Image alt text suggestion: “Gooseworks agent setup screen showing agent name, avatar selection, and context onboarding options.”
FAQ
Is Gooseworks only a chatbot, or is it an actual agent?
It is designed as an AI coworker agent that can run tasks, call tools, use skills, and execute scheduled automations. That is more than a basic chatbot response loop.
Can I connect Gooseworks to Slack or Telegram?
Yes. Gooseworks supports integrations so your coworker can receive instructions and send updates through Slack and Telegram channels (with onboarding guiding the connection process).
How do automations work in Gooseworks?
You schedule tasks (for example daily at 9:00 AM). The agent can then run multi-step workflows such as finding leads, researching them, and drafting outreach emails. Some setups require questions or a review step before finalising.
What makes Gooseworks outputs better over time?
Quality improves when you provide strong files and context, upload relevant documents, and adjust how the agent responds. Mission Control also helps you review tool calls and refine behaviour.
Do I have to pre-build skills for every use case?
Not necessarily. Gooseworks includes many skills, and if a needed capability is missing, it can help build a custom workflow/agent mode for the task.
Can Gooseworks create content like LinkedIn posts, articles, and cover images?

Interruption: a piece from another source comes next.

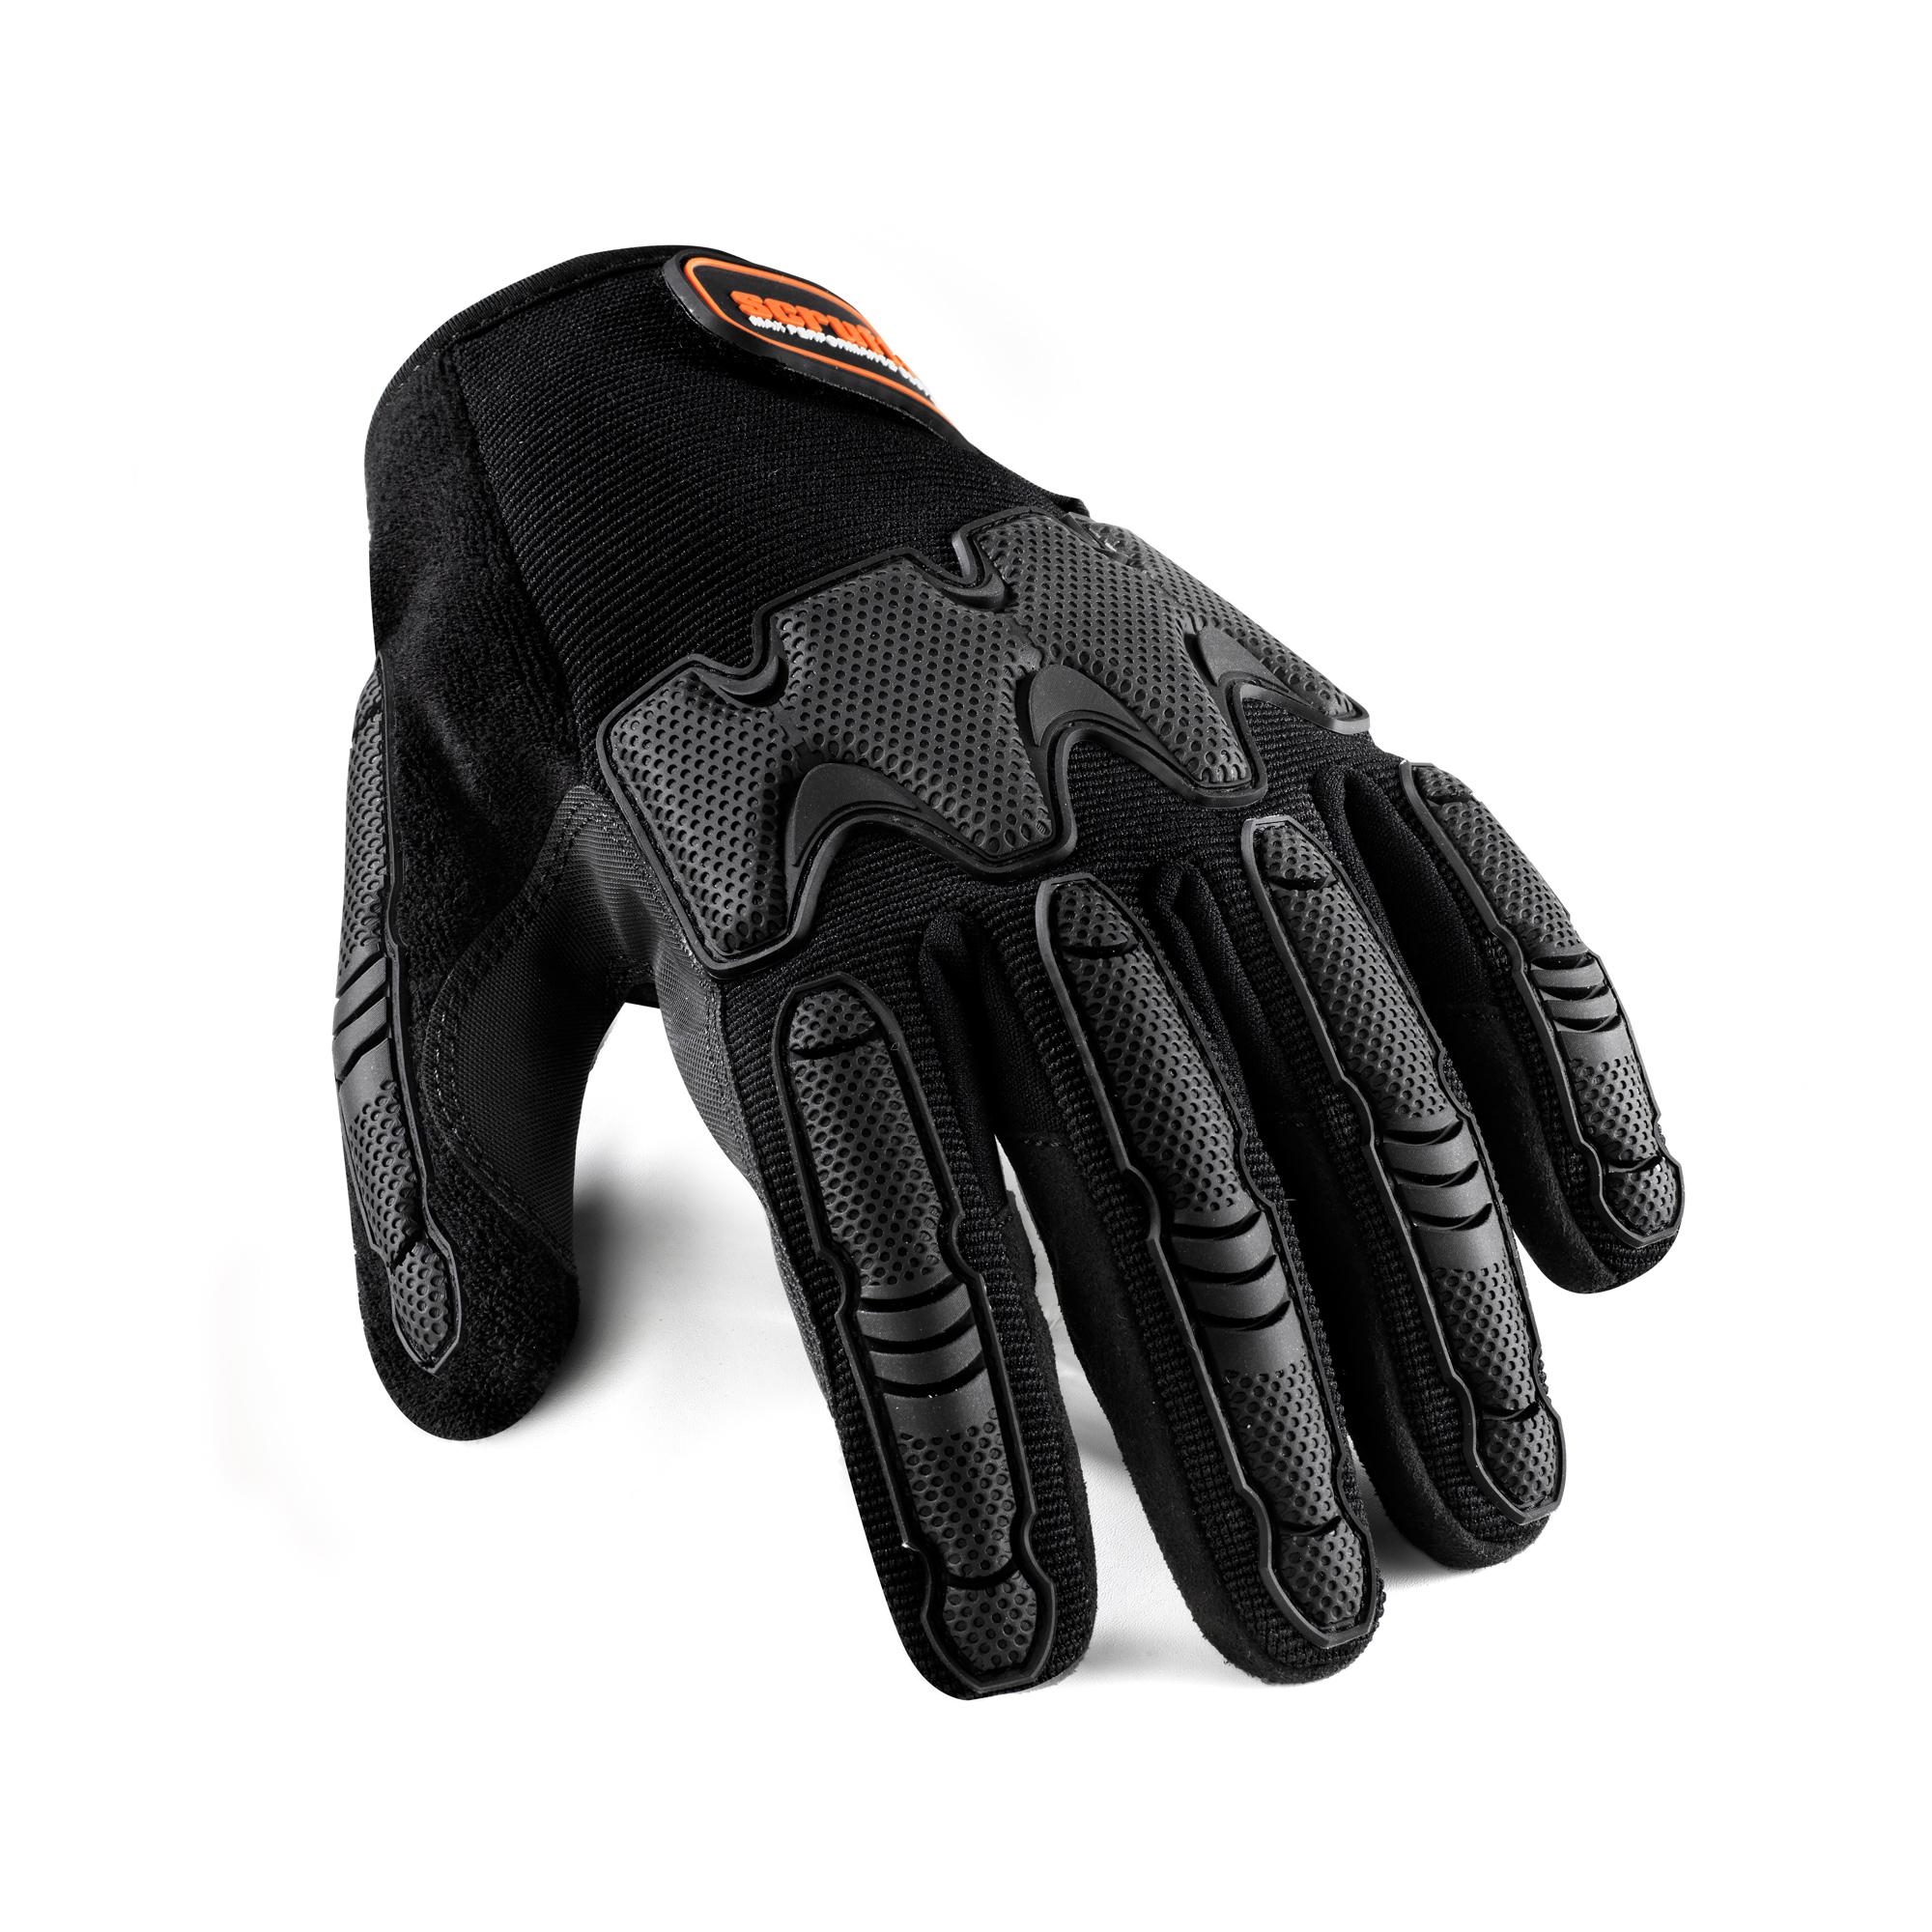 Scruffs Silicone Coated Gloves

Yes. It can research, write formatted posts or articles, and generate supporting assets like cover images, depending on the configured skills and workflow.
Final thoughts
Gooseworks makes the “AI co-workers” idea feel tangible. Instead of using AI as a one-off helper, you build a coworker team, load your context, connect where you work, and schedule systems that run reliably.
If you want a fast starting point, set up one high-frequency workflow: lead generation and nurturing, weekly SEO tips, or breaking-news content drafting. Then expand once your outputs look consistent.
CTA: Leave a comment with the first workflow you want your AI coworker to run (support, leads, SEO, or content). Then explore your next automation step and try setting up a plan mode workflow before letting it take action.
Note: Consider adding your own policy for outbound messaging and compliance checks before enabling fully automatic outreach.
This article was created from the video These New AI Co-Workers Can Literally Run Your Business For You (OpenClaw Style Agents) with the help of AI.